| Type: | Package |
| Title: | Tidy Differential Privacy |
| Version: | 0.1.0 |
| Description: | A tidy-style interface for applying differential privacy to data frames. Provides pipe-friendly functions to add calibrated noise, compute private statistics, and track privacy budgets using the epsilon-delta differential privacy framework. Implements the Laplace mechanism (Dwork et al. 2006 <doi:10.1007/11681878_14>) and the Gaussian mechanism for achieving differential privacy as described in Dwork and Roth (2014) <doi:10.1561/0400000042>. |
| License: | MIT + file LICENSE |
| Encoding: | UTF-8 |
| RoxygenNote: | 7.3.3 |
| Imports: | magrittr, stats |
| Suggests: | testthat (≥ 3.0.0), knitr, rmarkdown |
| VignetteBuilder: | knitr |
| URL: | https://github.com/ttarler/tidydp |
| BugReports: | https://github.com/ttarler/tidydp/issues |
| NeedsCompilation: | no |
| Packaged: | 2025-11-23 17:20:57 UTC; ttarler |
| Author: | Thomas Tarler [aut, cre] |
| Maintainer: | Thomas Tarler <ttarler@gmail.com> |
| Repository: | CRAN |
| Date/Publication: | 2025-11-27 19:00:02 UTC |
tidydp: Tidy Differential Privacy
Description
A tidy-style interface for applying differential privacy to data frames. Provides pipe-friendly functions to add calibrated noise, compute private statistics, and track privacy budgets using the epsilon-delta differential privacy framework.
Author(s)
Maintainer: Thomas Tarler ttarler@gmail.com
See Also
Useful links:
Pipe operator
Description
See magrittr::%>% for details.
Usage
lhs %>% rhs
Arguments
lhs |
A value or the magrittr placeholder. |
rhs |
A function call using the magrittr semantics. |
Value
The result of calling 'rhs(lhs)'.
Add Gaussian Noise
Description
Adds Gaussian (normal) noise to a numeric value or vector for (epsilon, delta)-differential privacy. The Gaussian mechanism provides (epsilon, delta)-DP and is often used when delta > 0 is acceptable.
Usage
add_gaussian_noise(x, sensitivity, epsilon, delta = 1e-05)
Arguments
x |
Numeric value or vector to add noise to |
sensitivity |
The L2 sensitivity of the query |
epsilon |
Privacy parameter (smaller = more privacy) |
delta |
Privacy parameter (probability of privacy breach), typically very small |
Value
Numeric value or vector with Gaussian noise added
Add Laplace Noise
Description
Adds Laplace-distributed noise to a numeric value or vector for differential privacy. The Laplace mechanism is typically used for queries with sensitivity based on the maximum absolute difference a single record can make.
Usage
add_laplace_noise(x, sensitivity, epsilon)
Arguments
x |
Numeric value or vector to add noise to |
sensitivity |
The sensitivity of the query (maximum change from one record) |
epsilon |
Privacy parameter (smaller = more privacy, more noise) |
Value
Numeric value or vector with Laplace noise added
Check Privacy Budget
Description
Checks if a proposed operation would exceed the privacy budget
Usage
check_privacy_budget(budget, epsilon_required, delta_required = 0)
Arguments
budget |
A privacy budget object |
epsilon_required |
Epsilon required for the operation |
delta_required |
Delta required for the operation (default: 0) |
Value
Logical indicating if budget is sufficient
Examples
budget <- new_privacy_budget(epsilon_total = 1.0)

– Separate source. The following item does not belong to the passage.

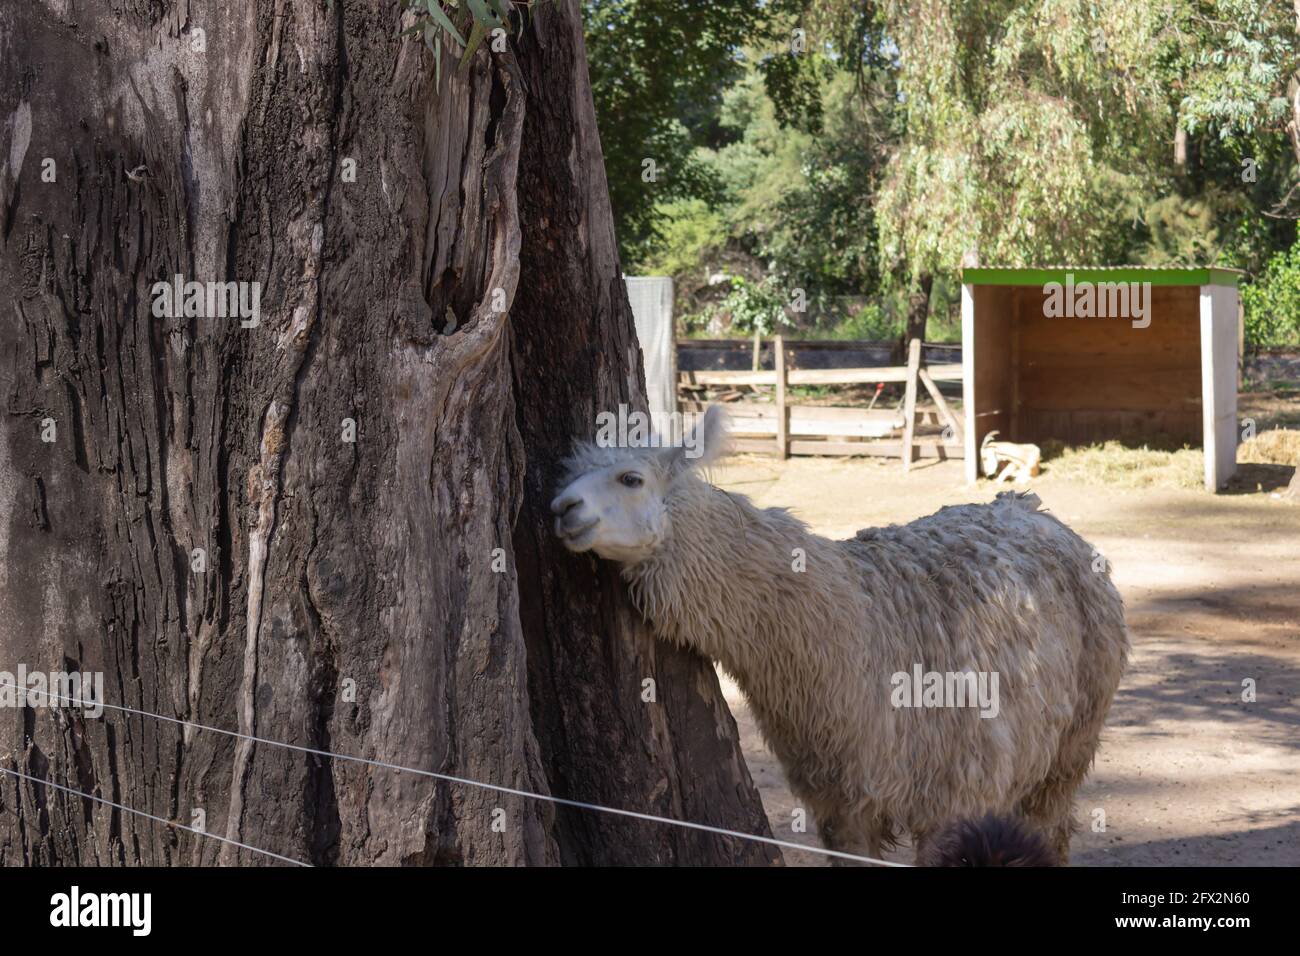 White llama (lama glama) in the farm. Stock Photo

check_privacy_budget(budget, epsilon_required = 0.5)
Add Differentially Private Noise to Data Frame Columns
Description
Adds calibrated Laplace or Gaussian noise to specified numeric columns in a data frame to achieve differential privacy. This is the primary function for column-level privacy.
Usage
dp_add_noise(
data,
columns,
epsilon,
delta = NULL,
lower = NULL,
upper = NULL,
mechanism = NULL,
.budget = NULL
)
Arguments
data |
A data frame |
columns |
Character vector of column names to add noise to |
epsilon |
Privacy parameter (smaller = more privacy, more noise) |
delta |
Privacy parameter for Gaussian mechanism (default: NULL, uses Laplace) |
lower |
Named numeric vector of lower bounds for each column |
upper |
Named numeric vector of upper bounds for each column |
mechanism |
Either "laplace" or "gaussian" (auto-selected based on delta if NULL) |
.budget |
Optional privacy budget object to track expenditure |
Value
Data frame with noise added to specified columns
Examples
data <- data.frame(age = c(25, 30, 35, 40), income = c(50000, 60000, 70000, 80000))
private_data <- data %>%
dp_add_noise(
columns = c("age", "income"),
epsilon = 0.1,
lower = c(age = 0, income = 0),
upper = c(age = 100, income = 200000)
)
Differentially Private Count
Description
Computes a differentially private count of rows, optionally grouped by specified columns.
Usage
dp_count(data, epsilon, delta = NULL, group_by = NULL, .budget = NULL)
Arguments
data |
A data frame |
epsilon |
Privacy parameter |
delta |
Privacy parameter (default: NULL, uses Laplace mechanism) |
group_by |
Character vector of column names to group by (optional) |
.budget |
Optional privacy budget object to track expenditure |
Value
Data frame with (possibly grouped) counts
Examples
data <- data.frame(city = c("NYC", "LA", "NYC", "LA", "NYC"),
age = c(25, 30, 35, 40, 45))
# Overall count
dp_count(data, epsilon = 0.1)
# Grouped count
data %>% dp_count(epsilon = 0.1, group_by = "city")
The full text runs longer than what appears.